I think that's where the premises differ: the author seems to suggest that the assembly would be generated each time from the "source prompt"
I don't know, these all read like thought experiments built on hypothetical properties that these AI tools would somehow be bestowed upon in some future and not something grounded in any reality. IOW science fiction.
Which one? Most languages are full of imprecision and change over time. So which one would be best for giving instructions to the machines?
Specifications need to be unambiguous but Natural Language is often ambiguous.
Sure and if you run into a crash the system is just bricked.
This sort of wishful thinking glosses over decades of hard earned deterministic behavior in computers.
Congratulations. An LLM is not a 'compiler'.
I have created some pipelines this way where the LLM generates input files for a molecular dynamics code and write a python script for execution on a HPC system.
https://arxiv.org/abs/2407.02524
Now this isn’t to say the current programming languages are good, they are generally not. They don’t offer good abstraction powers, typically. You pay for this in extra lines of code.
But having to restate everything in English, then hoping that the LLM will fill in enough details, then iterating until you can close the gaps, well it doesn’t seem super efficient to me.
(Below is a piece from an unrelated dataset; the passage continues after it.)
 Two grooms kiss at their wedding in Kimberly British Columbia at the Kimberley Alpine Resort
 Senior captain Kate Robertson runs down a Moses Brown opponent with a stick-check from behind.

You either cede control to what the LLM guesses or you spend a lot of natural language.
Certainly in a language with great abstractions you’d be fine already.
Djikstra was talking about something completely different.
The current way to generate source code of existing programming languages, is only a transition step, akin to how early compilers always generated Assembly that was further processed by an existing Assembler.
Eventually most developers don't even know the magic incantations to spew Assembly of their compilers, including JITs, it has become a dark art for compiler engineers, game developers and crypto folks.
People that used to joke about COBOL, would be surprised how much effort is being spent in prompt engineering.